Including what it calls the first production-scale malware research dataset available to the general public
In an effort to promote the use of AI-based systems in cyber security, British security software vendor Sophos is sharing datasets, tools, and methodologies in four separate areas.
These include research, protection methods, malware detection, and signature generation tools.
“With SophosAI’s new initiative to open its research, we can help influence how AI is positioned and discussed in cyber security moving forward,” said Joe Levy, chief technology officer of the company.
Sharing is caring
For research purposes, Sophos is sharing SOREL-20M (Sophos-ReversingLabs – 20 million), a production-scale dataset with metadata, labels, and features for 20 million Windows Portable Executable files, including 10 million disarmed malware samples. Sophos calls the dataset, developed in a joint project with ReversingLabs, “the first production-scale malware research dataset available to the general public.”

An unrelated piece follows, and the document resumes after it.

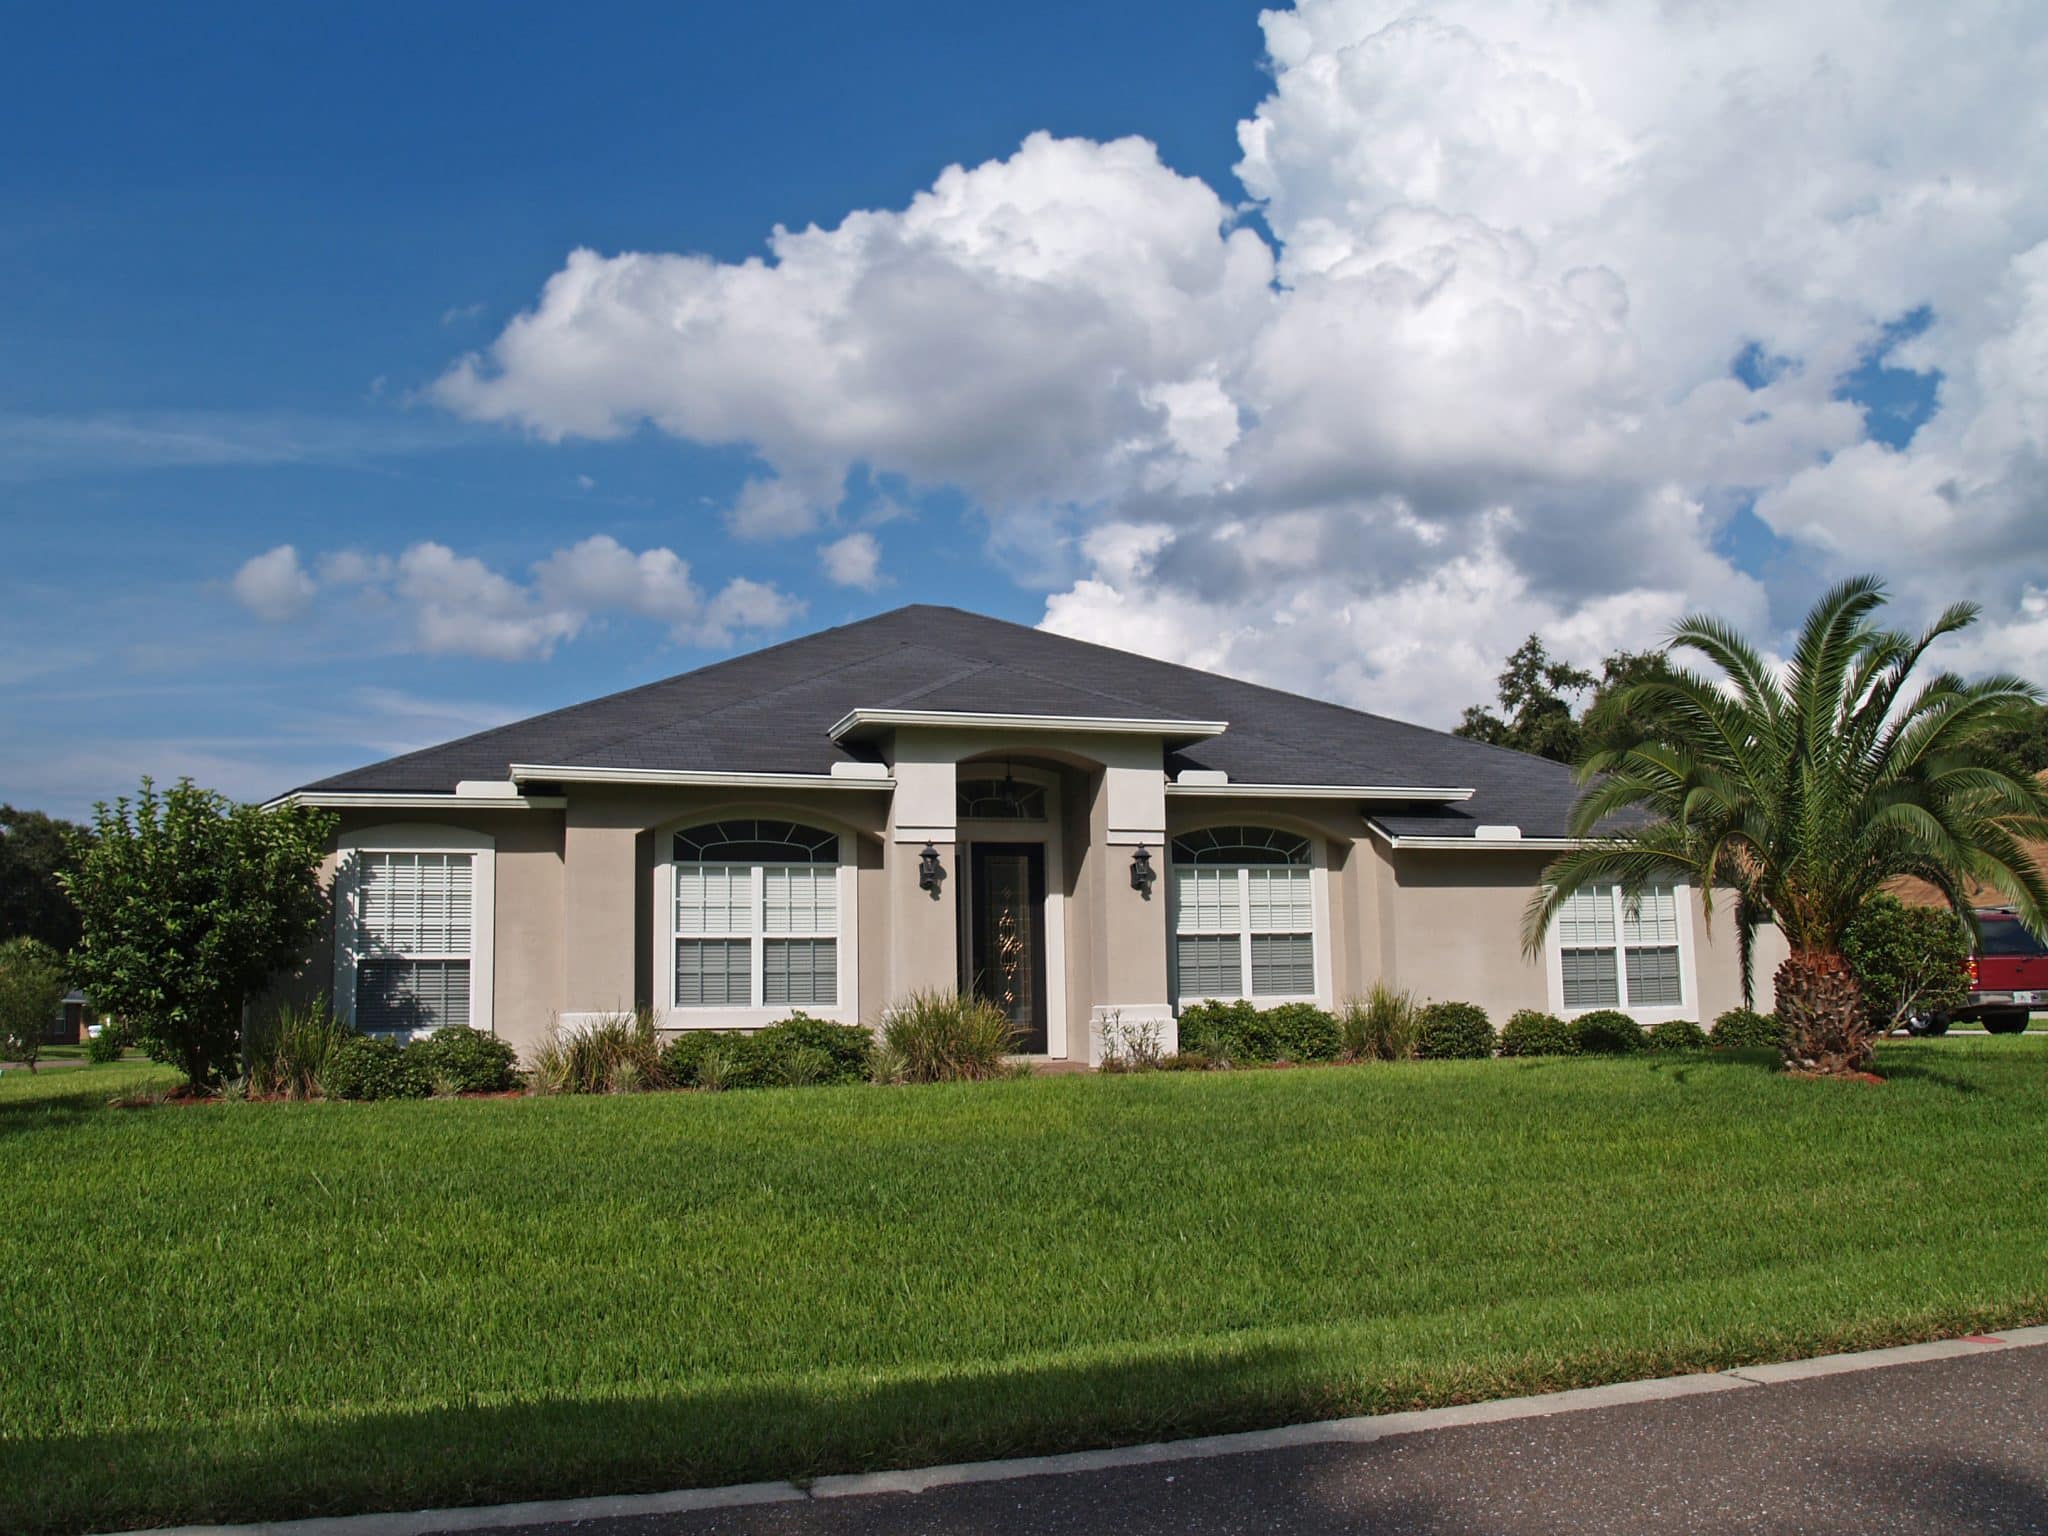 A beautiful home with a new roof in Central Florida

A new AI-powered impersonation protection method is also being shared (discussed at Defcon here), for defense against email “spear phishing,” which can mimic trusted colleagues. The AI-based system was trained on a sample of millions of known attack emails.

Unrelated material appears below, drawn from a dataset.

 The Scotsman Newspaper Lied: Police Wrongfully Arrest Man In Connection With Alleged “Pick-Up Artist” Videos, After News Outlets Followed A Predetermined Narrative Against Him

For undetected malware, Sophos built a set of publicly available, epidemiology-inspired statistical models for estimating the prevalence of malware infections in total, enabling a better chance of discovery.
And finally, the company has developed and shared YaraML, an open sourced system for automatic signature generation, which “compiles” machine learning models of the kind used in commercial security products into signature languages.
“Today’s cacophony of opaque or guarded claims about the capabilities or efficacy of AI in solutions makes it difficult to impossible for buyers to understand or validate these claims. This leads to buyer skepticism, creating headwinds to future progress at the very moment we’re starting to see great breakthroughs,” Levy said.
“Correcting this through external mechanisms like standards or regulation won’t happen quickly enough. Instead, it requires a grassroots effort and self-policing within our community to produce a set of practices and language that will advance the industry in a disruptive, open and transparent manner.”